Слова
Шрифт:
17. К Никовулу (155)
Для сего и последующих писем к Никовулу невозможно с точностью определить время. Но с вероятностью можно полагать, что писаны Св. Григорием до епископства его, почему и помещаются здесь.
В ответ на то, что жену свою Алипиану, дочь Горгонии, сестры Св. Григория, порицал за малый рост.

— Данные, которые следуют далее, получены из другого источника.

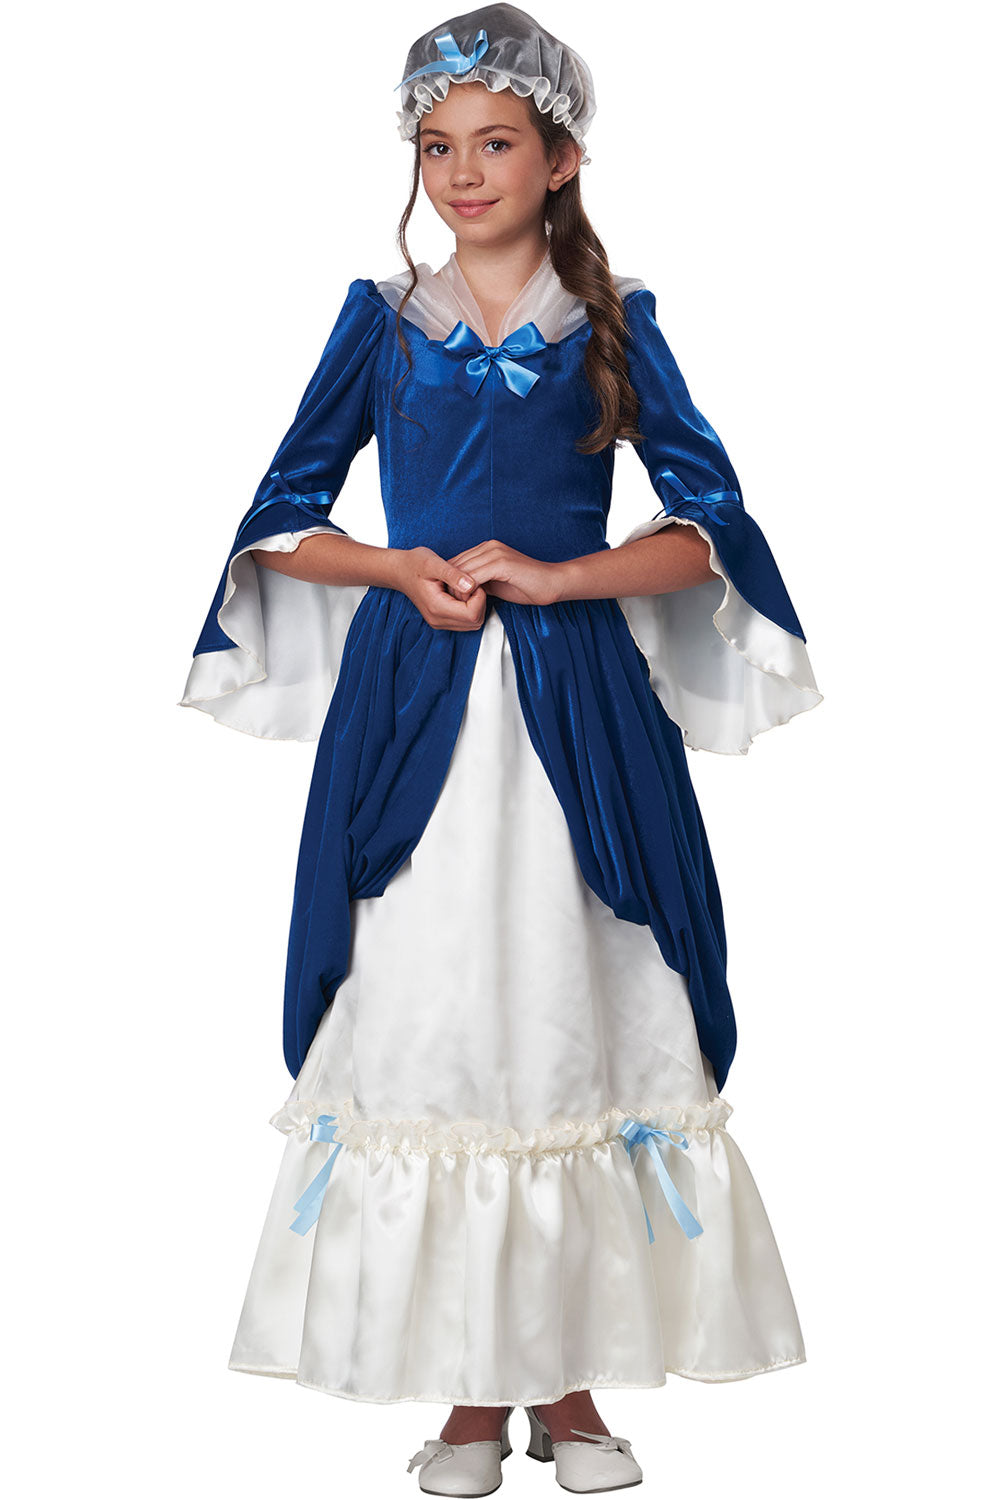 Colonial Era Dress / Martha Washington / Child California Costume 3020/003

Осмеиваешь у нас Алипиану, будто бы она мала и недостойна твоей великости, длинный и огромный великан и ростом и силой! Теперь только узнал я, что и душа меряется, и добродетель ценится по весу, что дикие камни дороже жемчужин и вороны предпочтительней соловьев. Возьми себе величину и рост в несколько локтей и ни в чем не уступай Церериным жницам, потому что ты правишь конем, мечешь копье, у тебя забота — гоняться за зверями, а у нее нет таких дел; не большая нужна крепость сил владеть челноком, обходиться с прялкой и сидеть за ткацким станом, — «а это — преимущество женщин».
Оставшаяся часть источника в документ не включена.